Learn about the different types of estate trusts
Trusts are financial arrangements which hold assets in safekeeping for you, for other people, for beneficiaries of your will or for a charitable or commercial entity. While there are many different types of trusts, they all share a couple of fundamental characteristics: beyond holding specified assets in a financial institution, trusts also strictly define the terms which must be met in order for your beneficiaries to come into possession of those assets.
It is very important that you fully understand the conditions that apply to the various types of trusts commonly used by private citizens. Therefore, it is recommended that you work with a banking lawyer in addition to financial professionals when establishing a trust and its terms.
Common Types of Personal Trusts
The most frequently used trusts include:
- Living trusts. A living trust acts like a corporation designed simply to hold and manage assets on your behalf while you are alive. You can make as many changes to the terms and conditions as you want. Living trusts are the opposite of testamentary trusts, which are set forth in your last will and testament (thus the name) and do not come into effect until you pass away.
- Irrevocable trusts. An irrevocable trust is a means by which you can permanently and irreversibly transfer assets (and any appreciation those assets might enjoy) to beneficiaries. You can use irrevocable trusts to avoid probate as well as some inheritance and income taxes.
- Revocable trusts.
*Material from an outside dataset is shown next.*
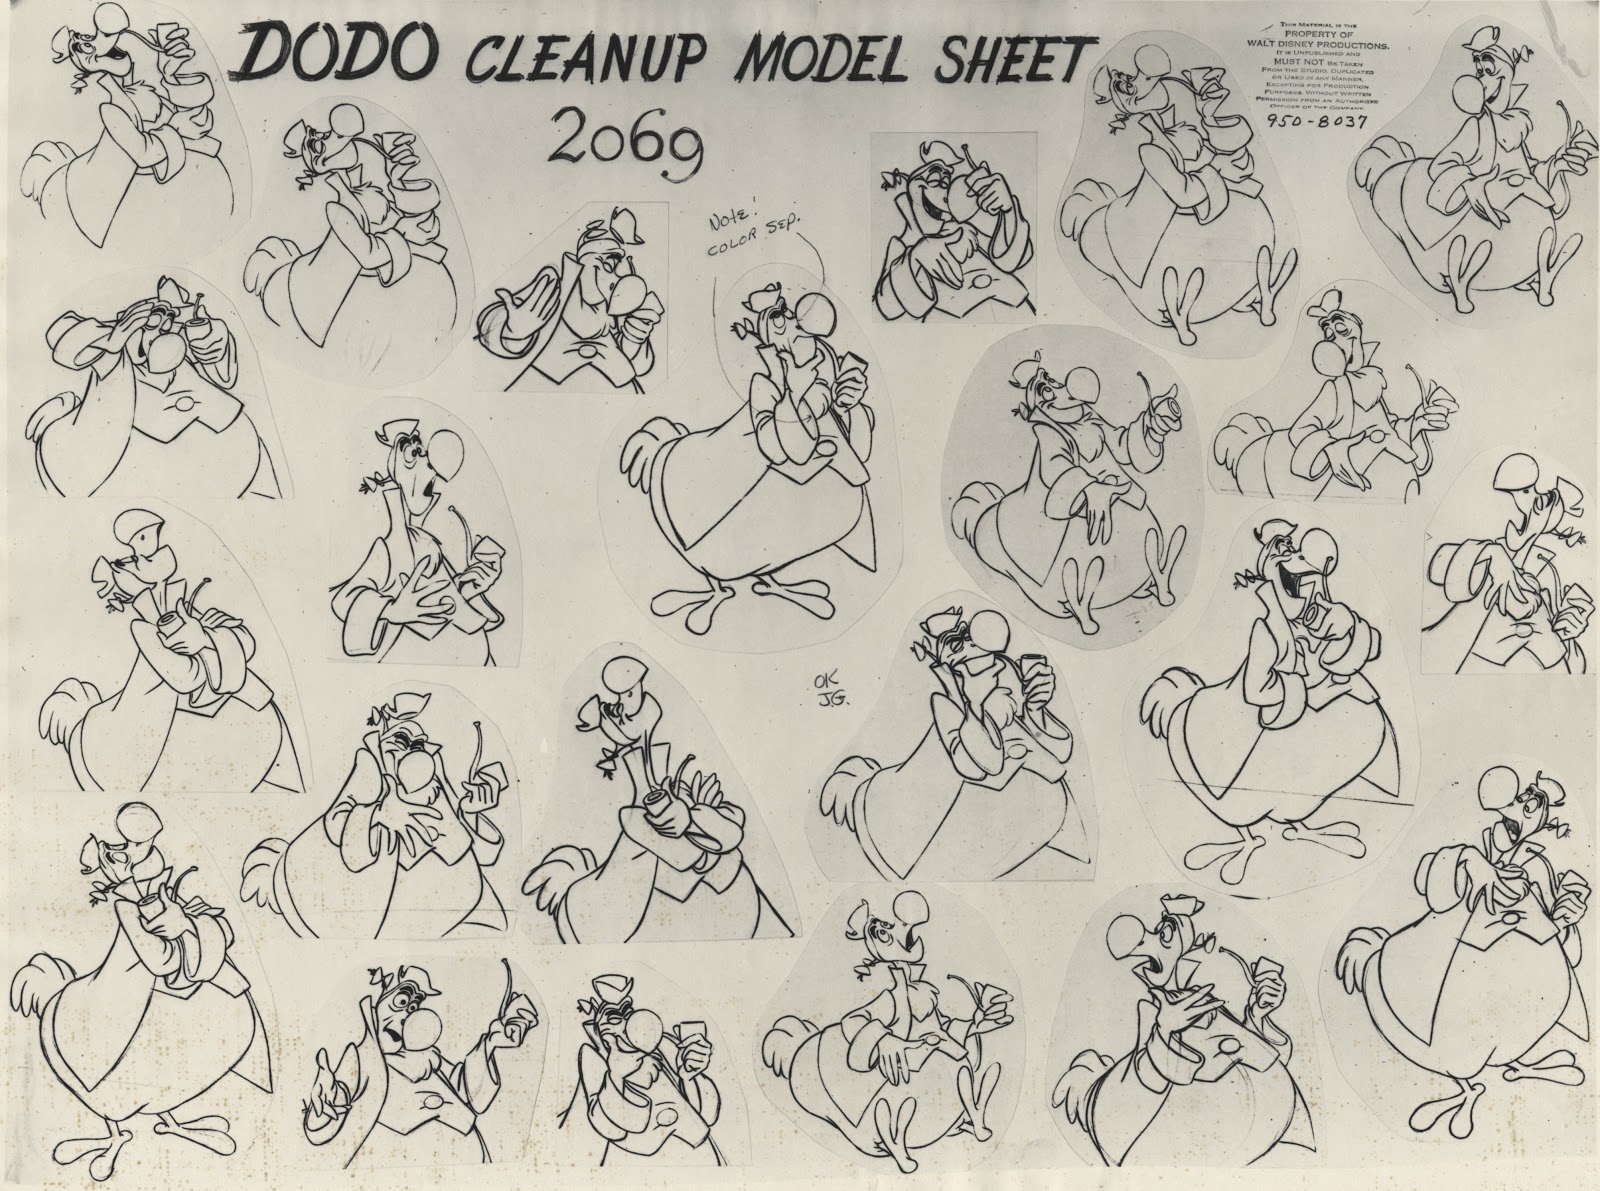 Deja View: The Dodo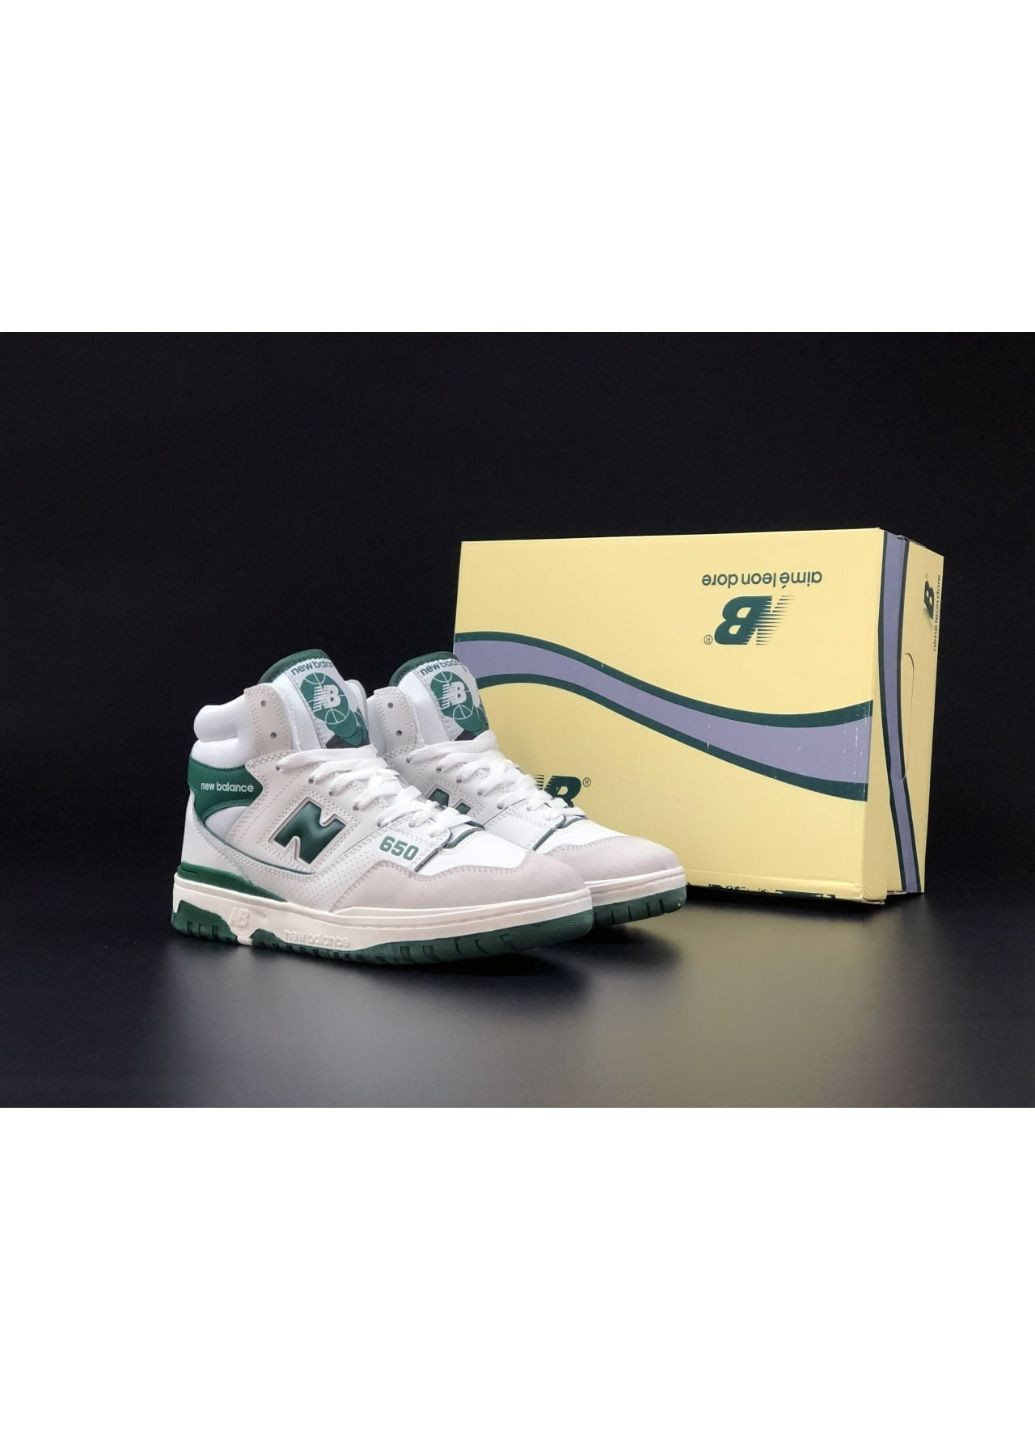 Белые демисезонные мужские кроссовки белые с зеленым "no name" New Balance 650

A revocable trust (unlike its irrevocable counterpart) can be changed or terminated anytime the grantor wants. Upon the grantor's death, revocable trusts become irrevocable.
- Charitable trusts. A charitable trust holds assets for safekeeping until they can be dispersed to the charitable organization of your choosing.
You can also establish education trusts intended to pay for a child's future college expenses. In fact, many financial institutions offer very advantageous interest rates and tax terms on educational trusts.
Finally, you should be aware of life insurance trusts as well as credit shelter trusts. These financial products can protect the proceeds of life insurance policies and estates from taxation, and allow you to skip generations, if you so choose.